:: Task goal ::
Give the listing again word for word. Leave every image out.

---------- The data ----------

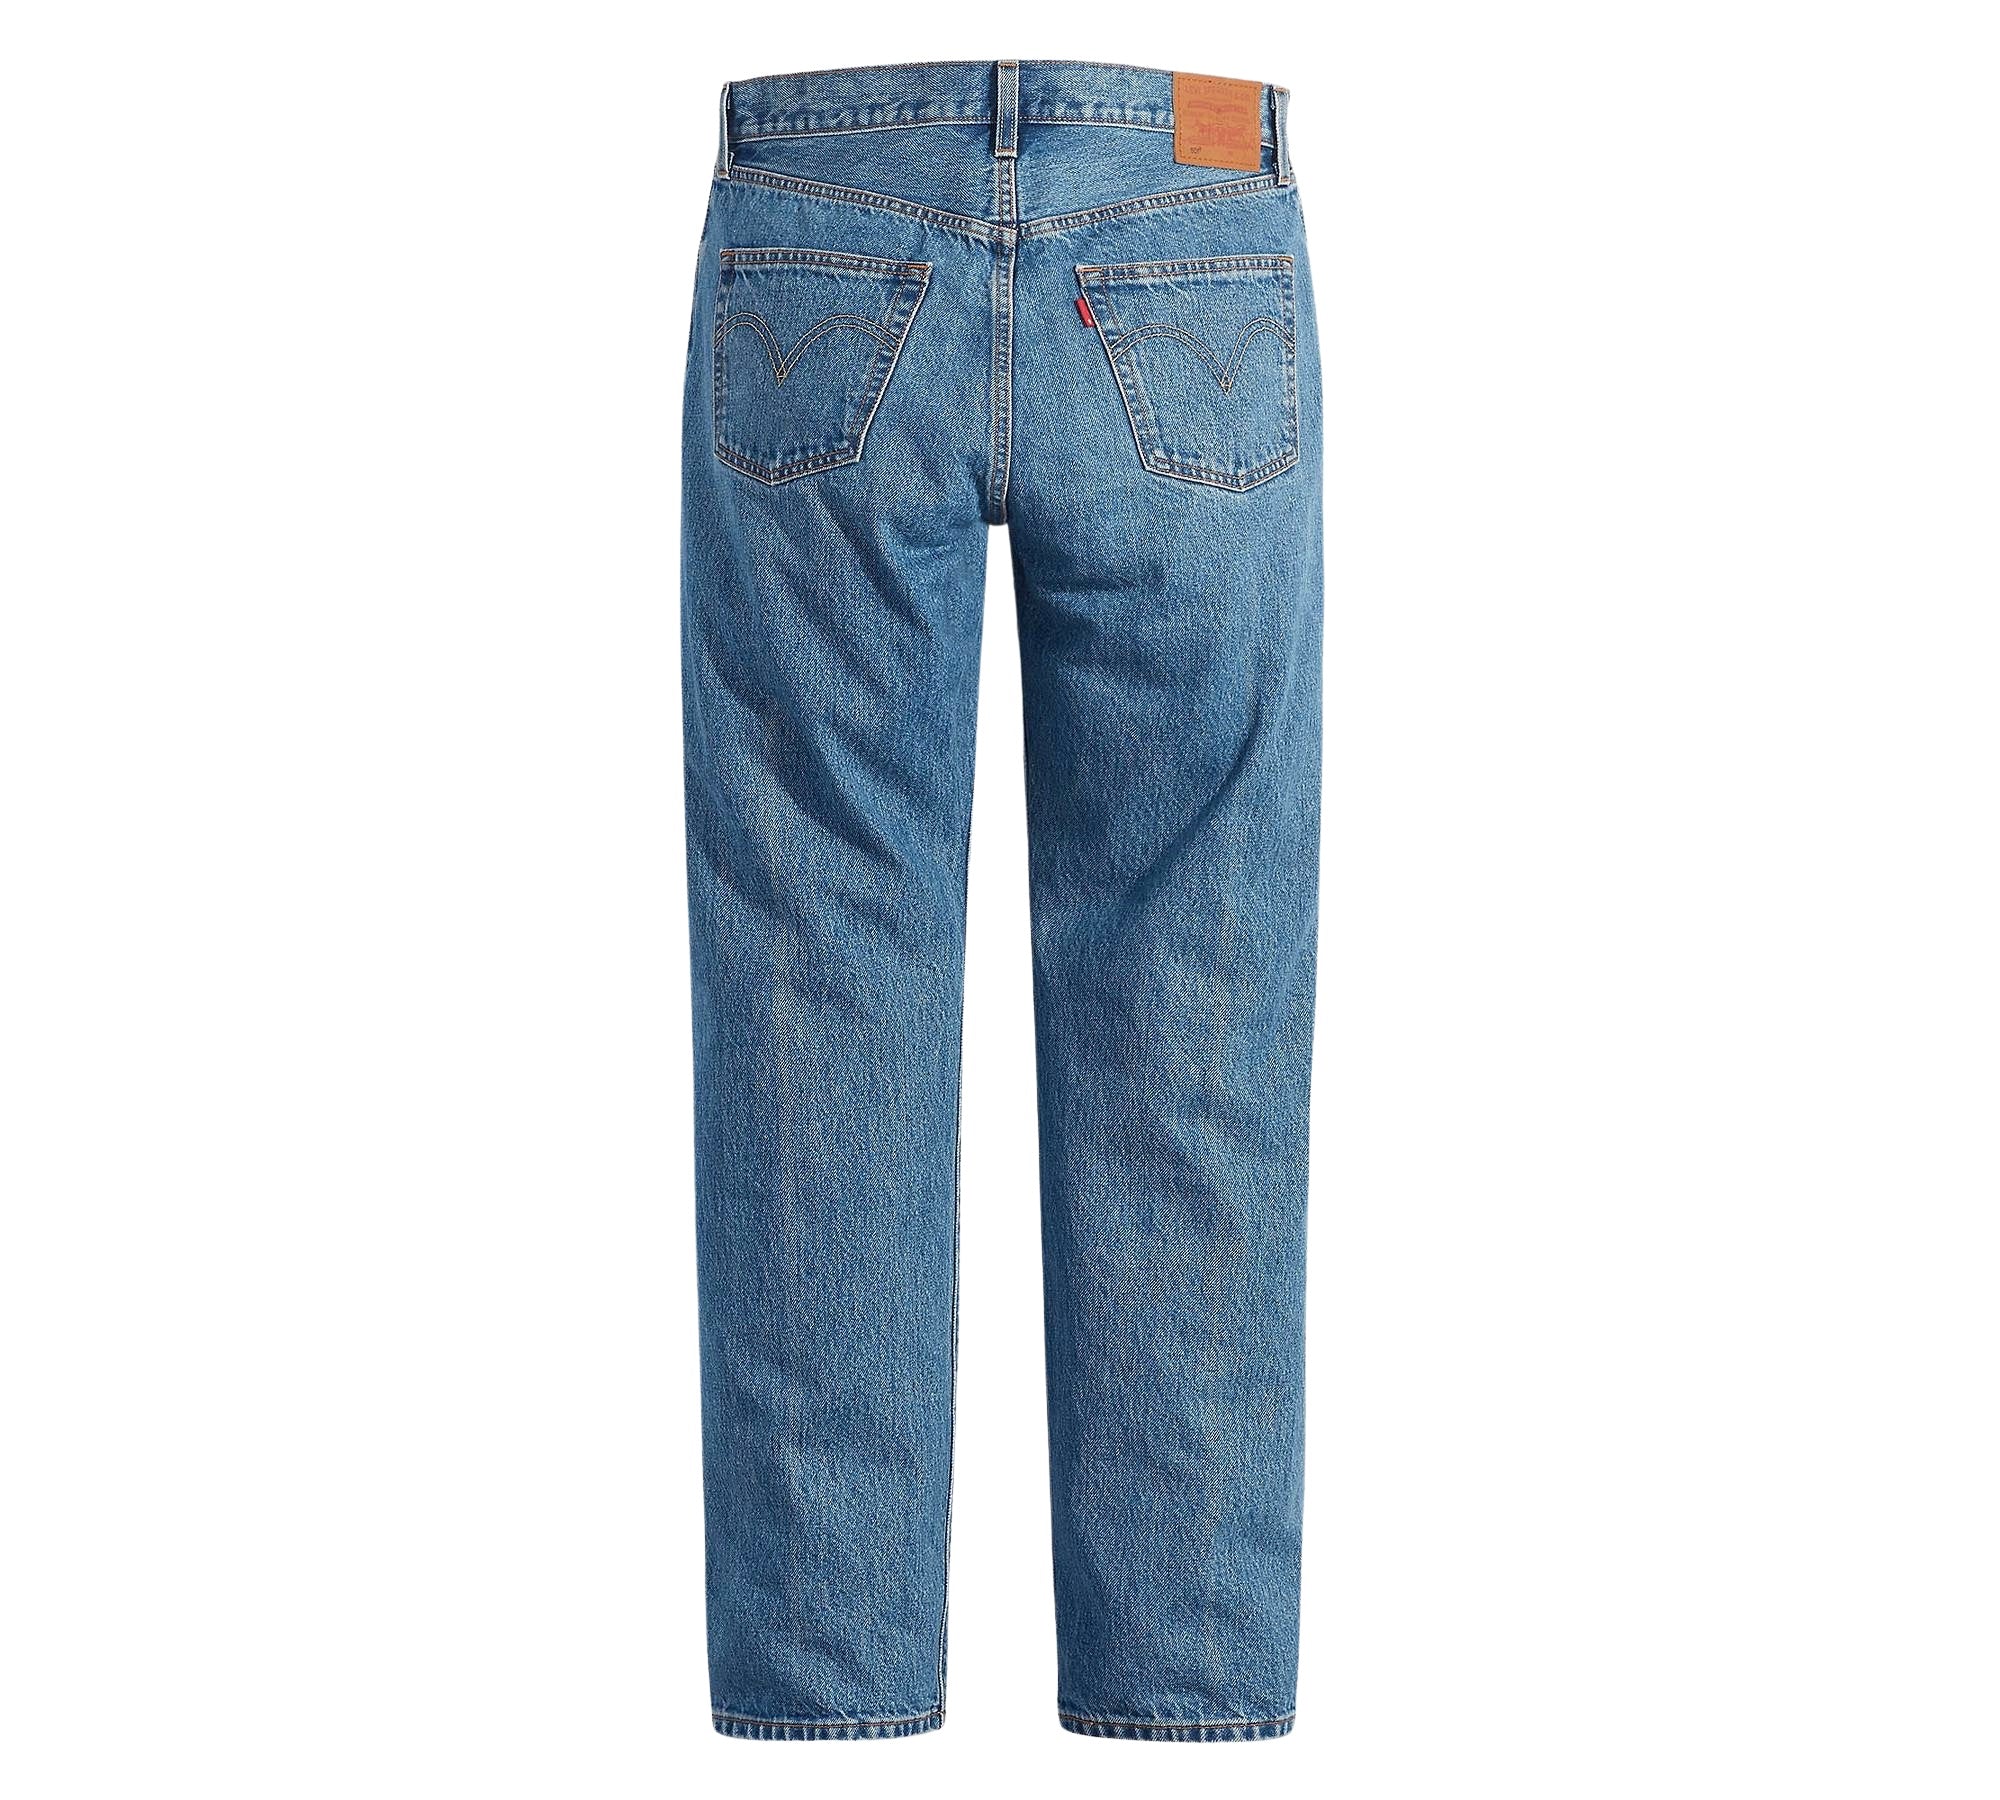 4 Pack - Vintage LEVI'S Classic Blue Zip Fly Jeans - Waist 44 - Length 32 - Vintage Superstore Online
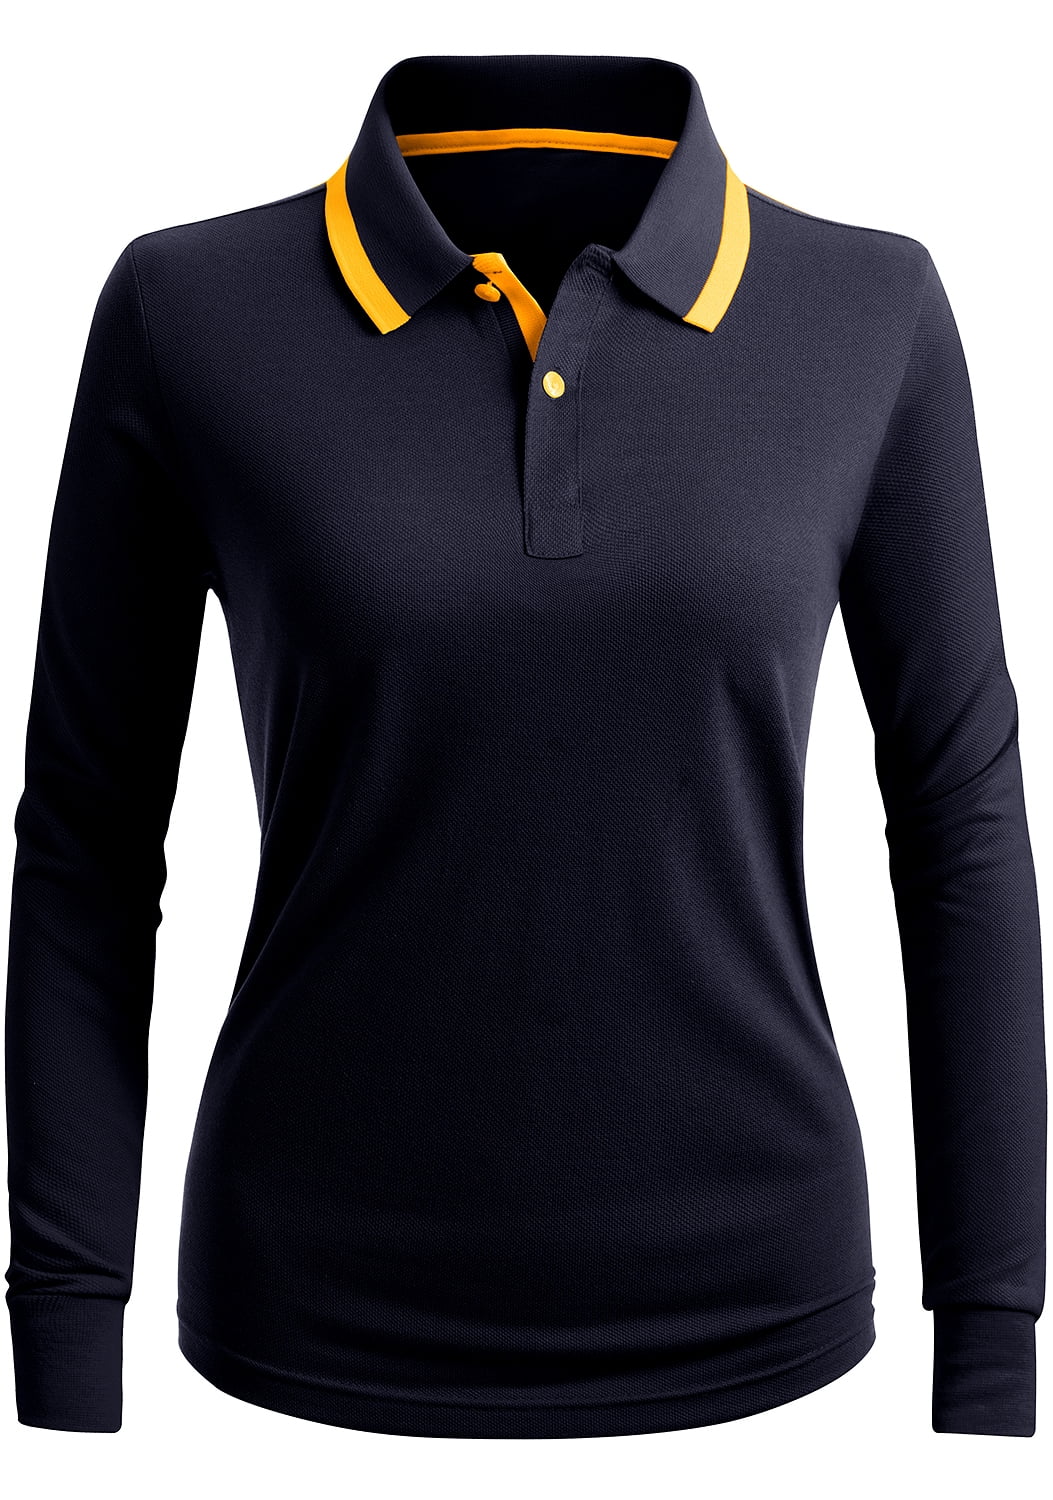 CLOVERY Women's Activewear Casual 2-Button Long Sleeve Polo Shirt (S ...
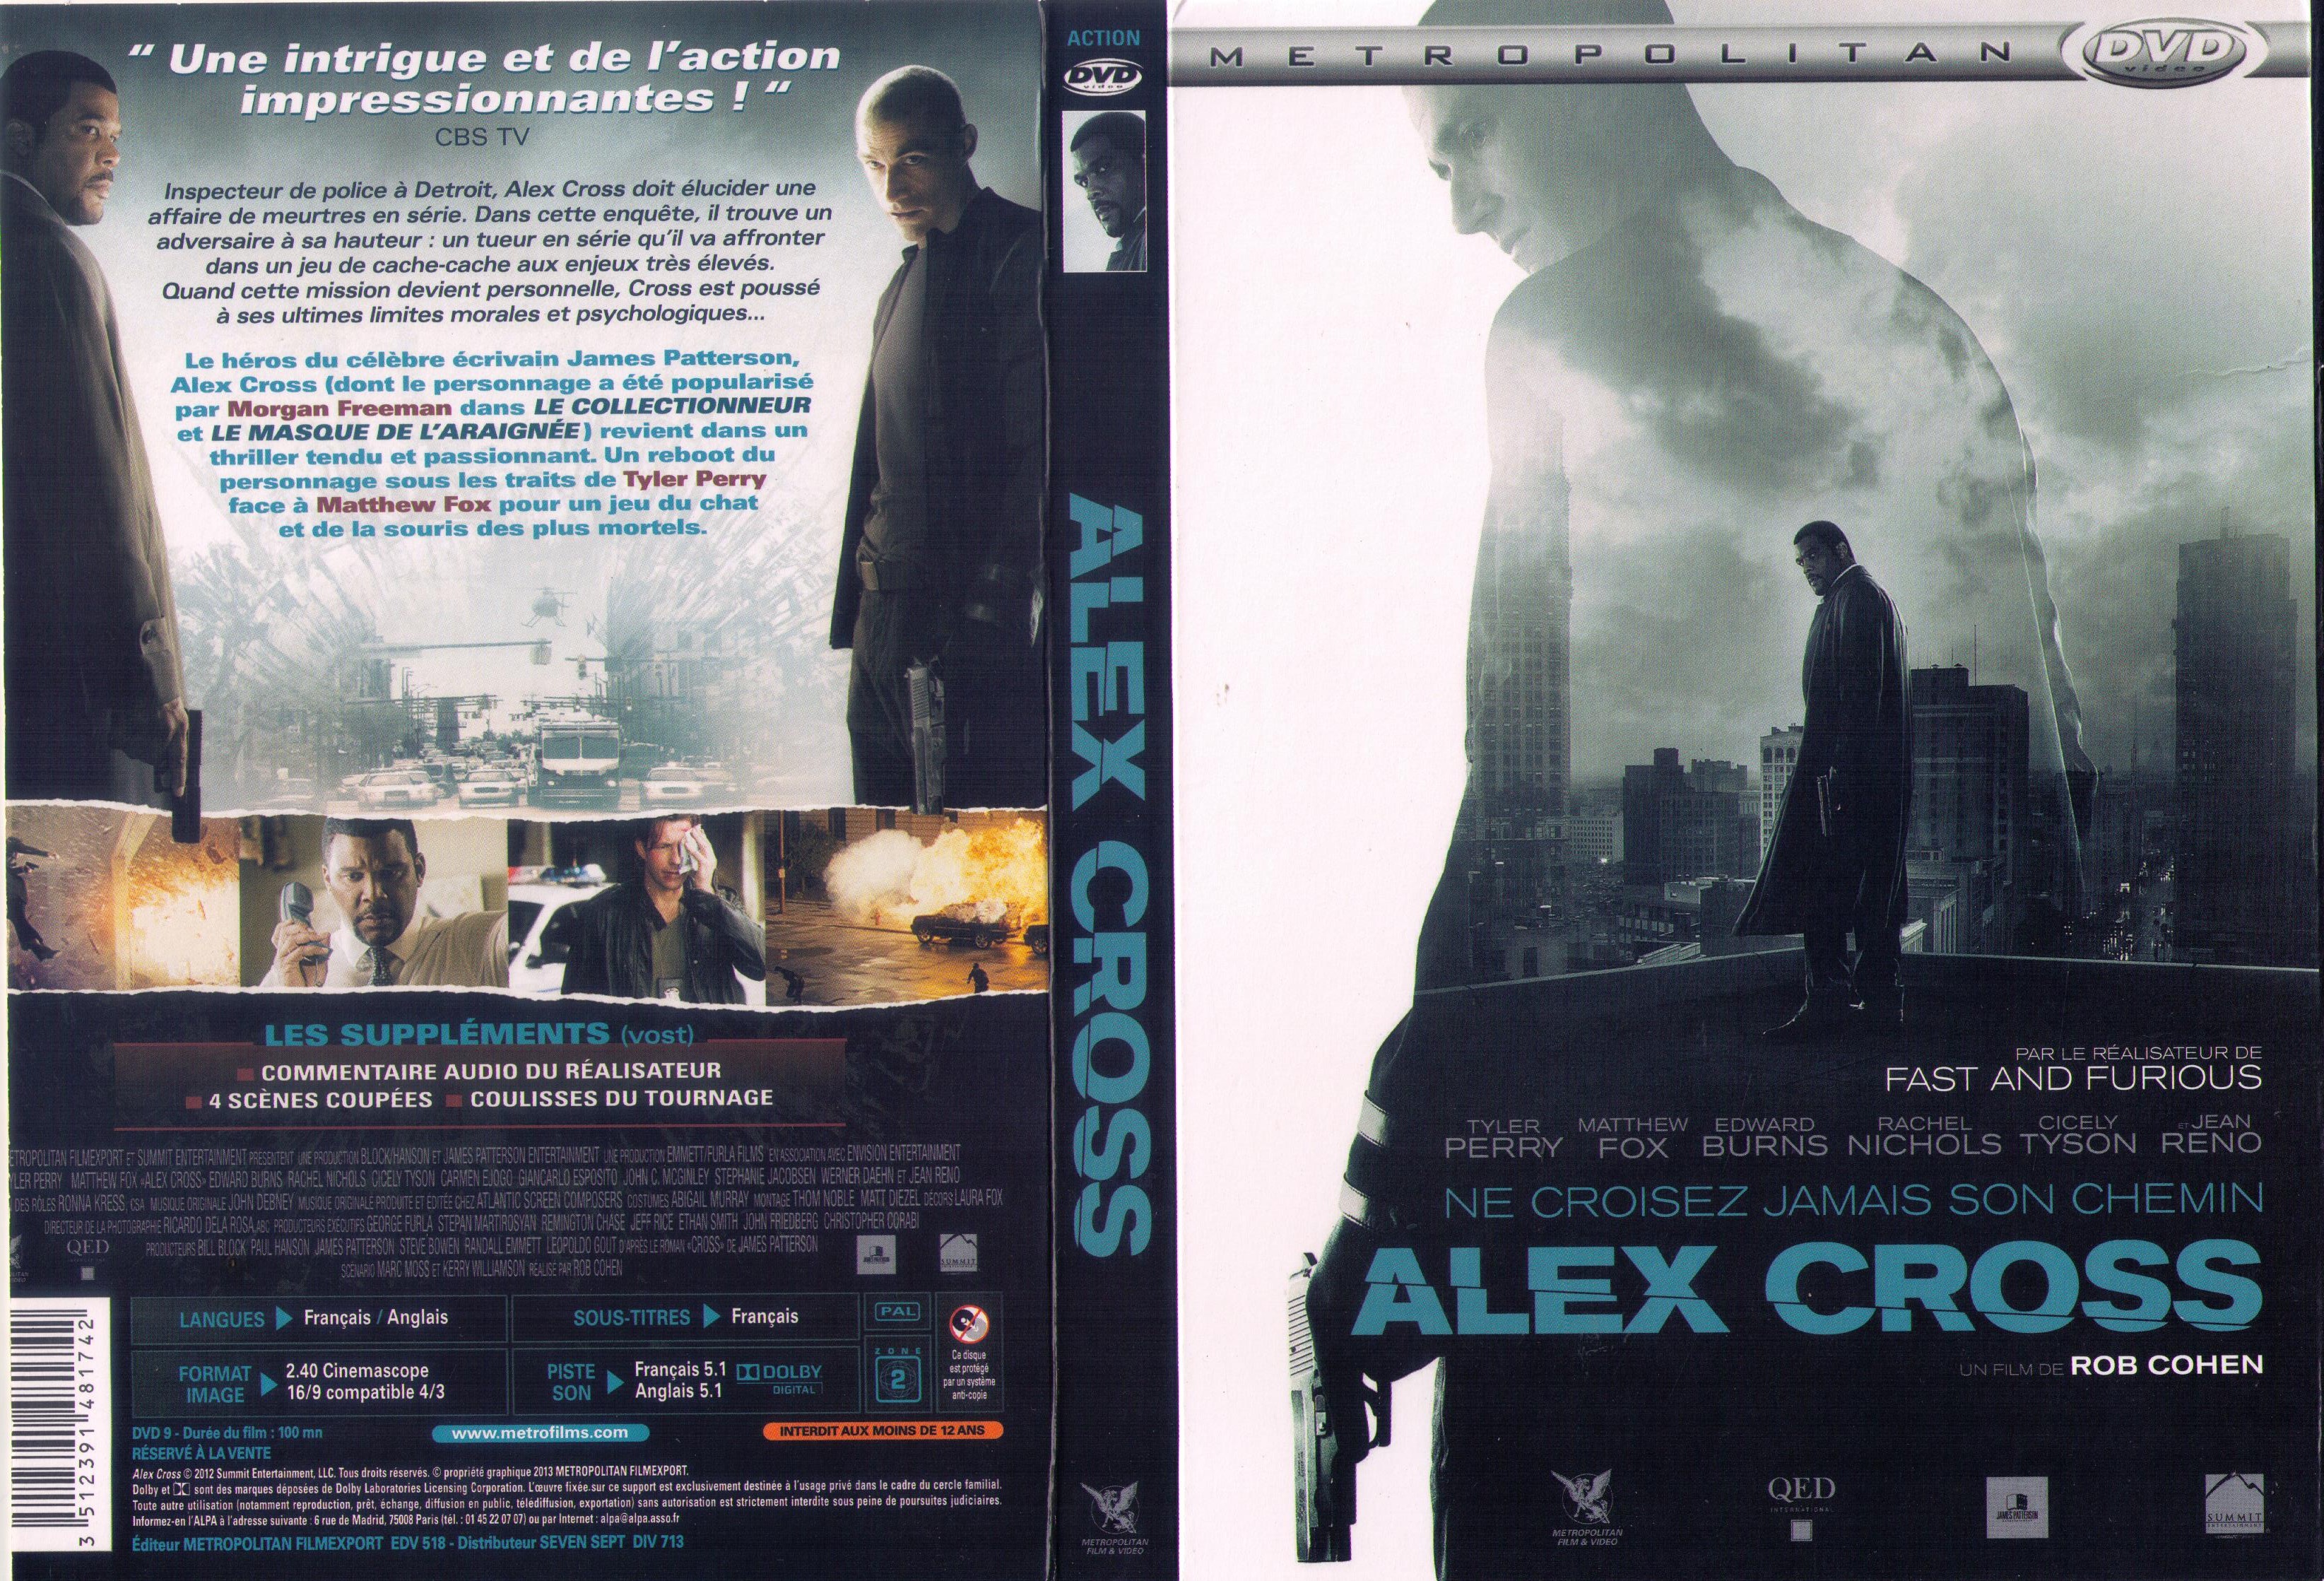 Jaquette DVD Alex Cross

----------

:: Answer space ::
 4 Pack - Vintage LEVI'S Classic Blue Zip Fly Jeans - Waist 44 - Length 32 - Vintage Superstore Online
 CLOVERY Women's Activewear Casual 2-Button Long Sleeve Polo Shirt (S ...
 Jaquette DVD Alex Cross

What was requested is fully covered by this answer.